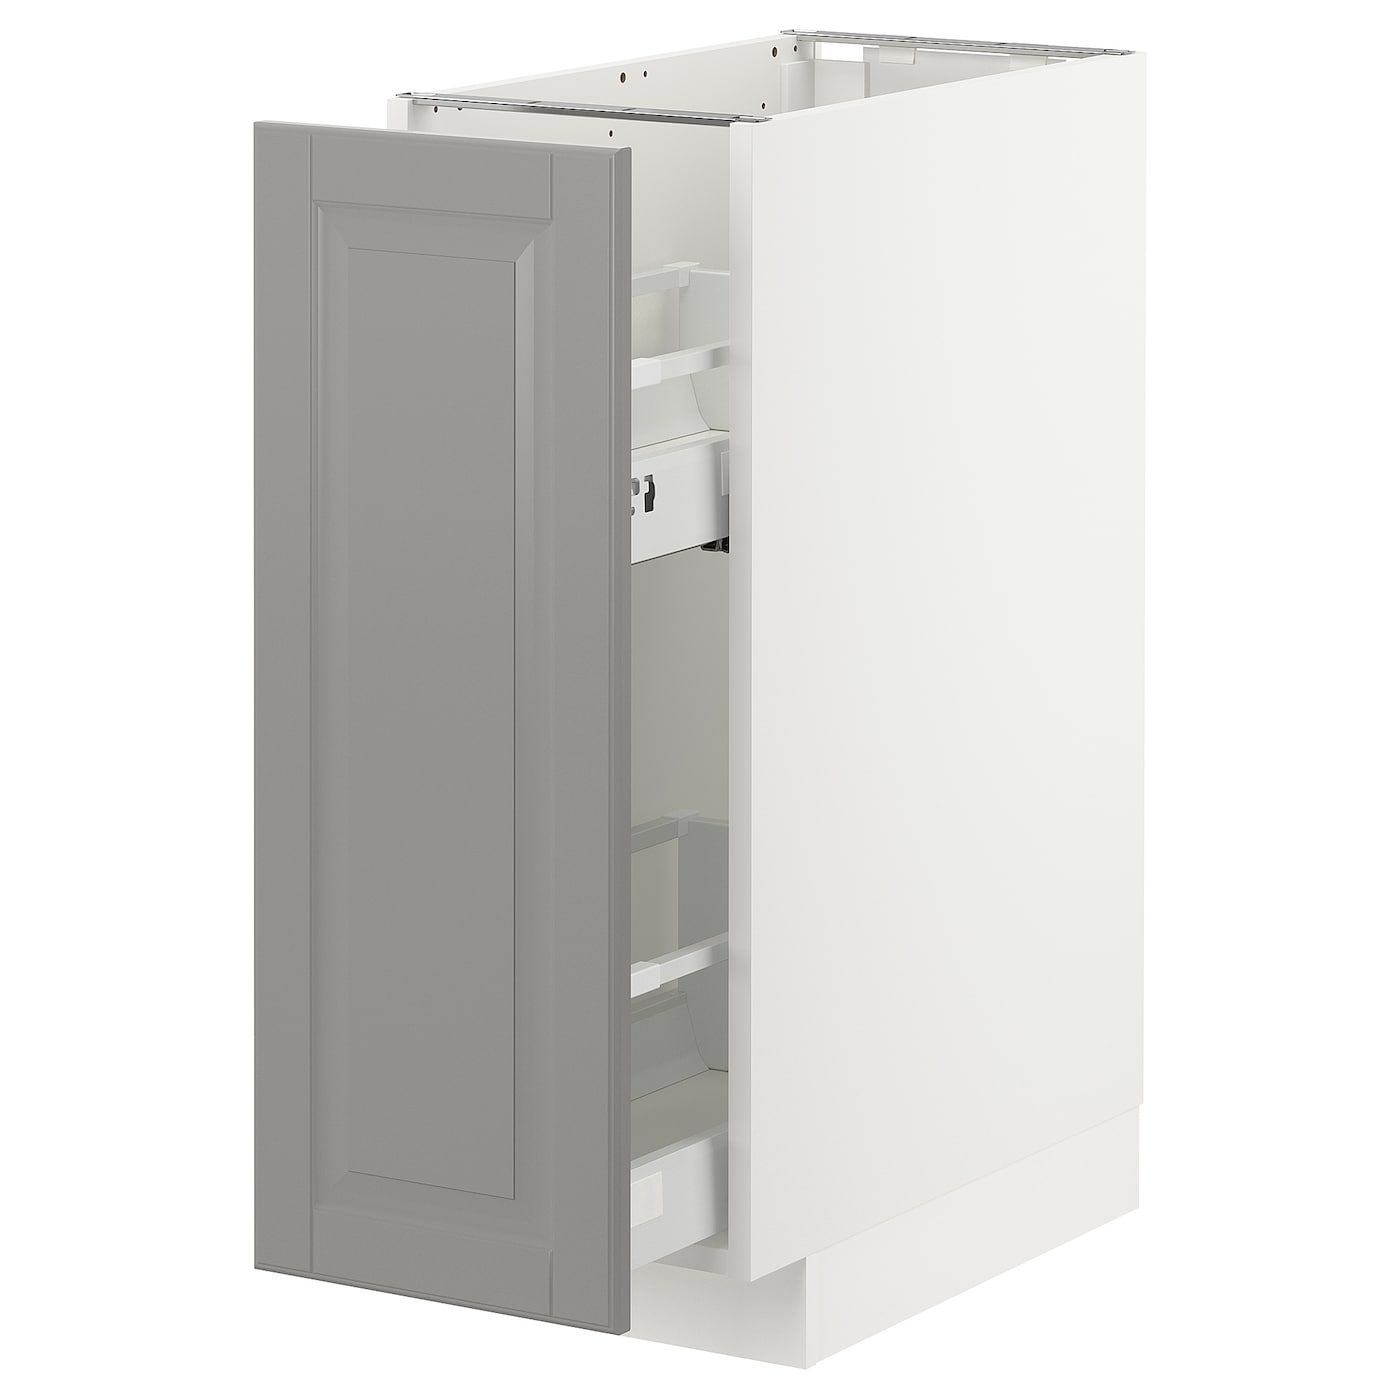 Напольный шкаф - METOD IKEA/ МЕТОД ИКЕА,  30х88 см, белый/серый
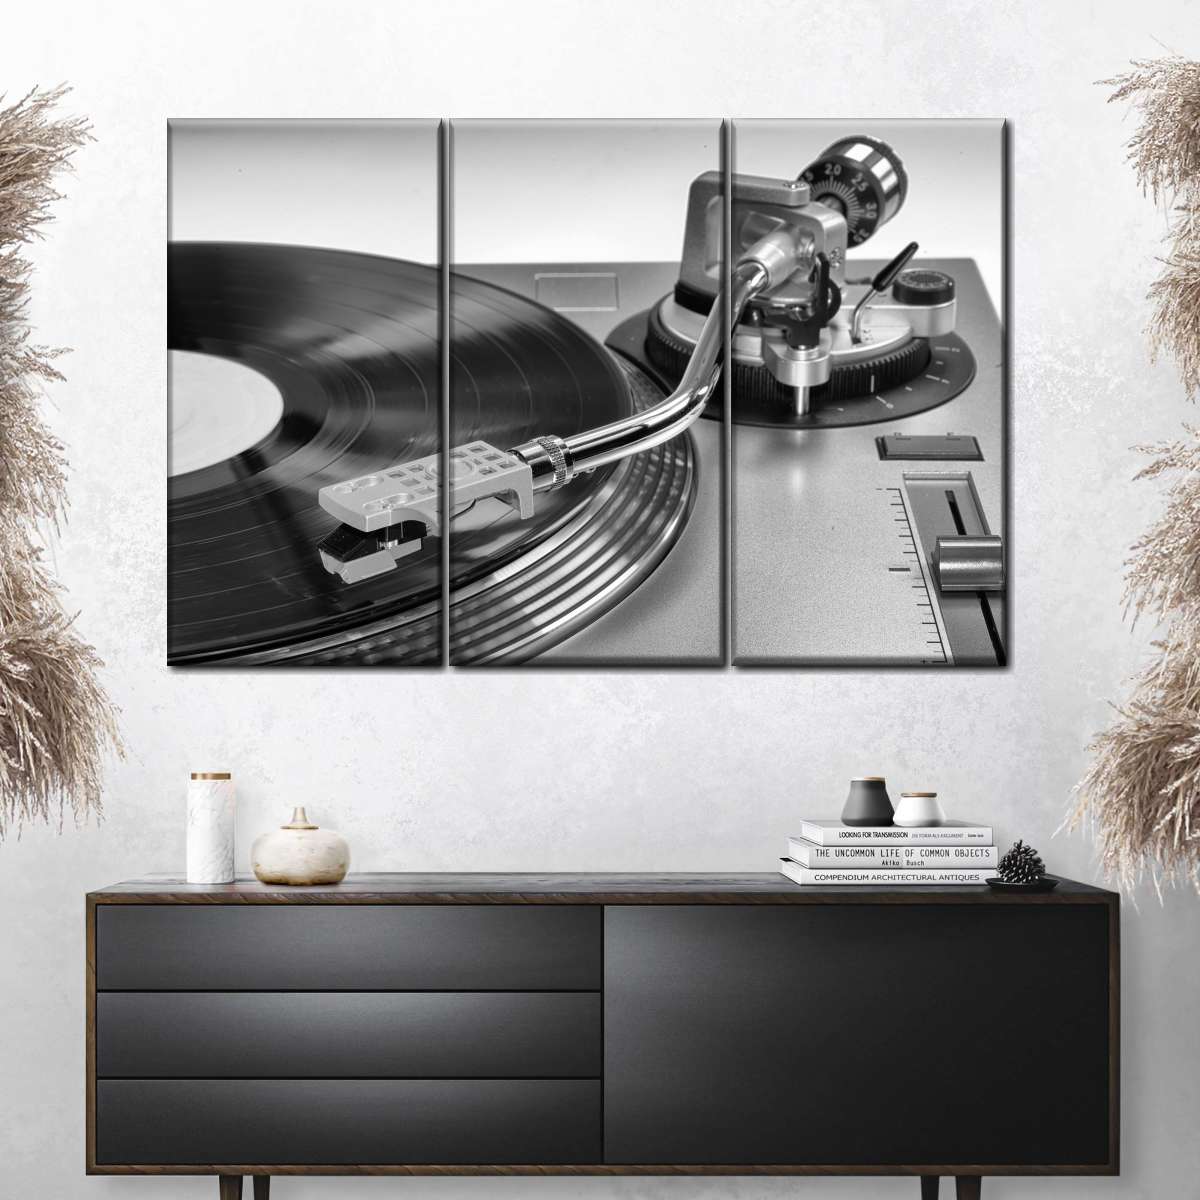 Vinyl Living Room Decor, Record Wall Picture, Vinyl Record Poster
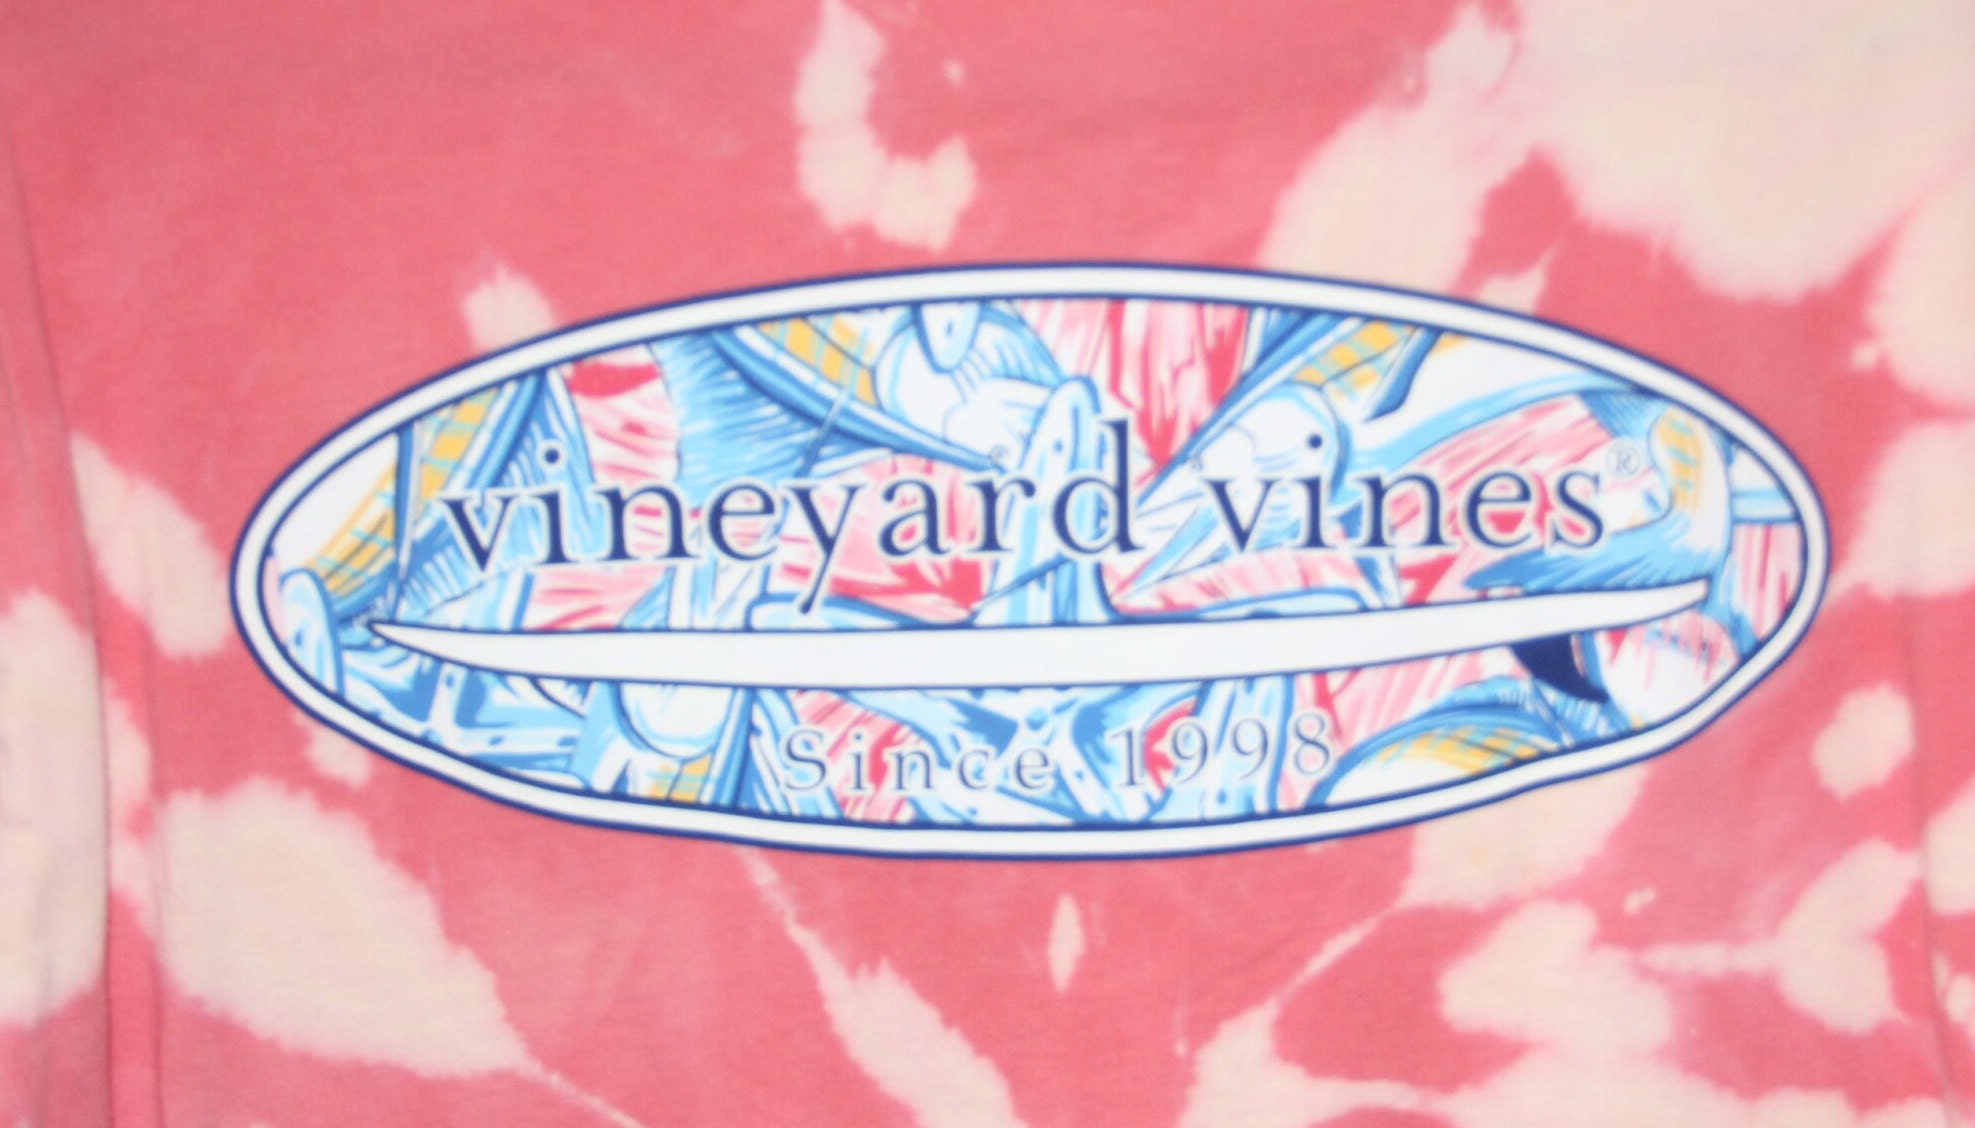 vineyard vines houston astros shirt

- Your goal
Give the listing again in full, exactly as it is, but without its images.

- Task solution
 Напольный шкаф - METOD IKEA/ МЕТОД ИКЕА,  30х88 см, белый/серый
 Vinyl Living Room Decor, Record Wall Picture, Vinyl Record Poster
 vineyard vines houston astros shirt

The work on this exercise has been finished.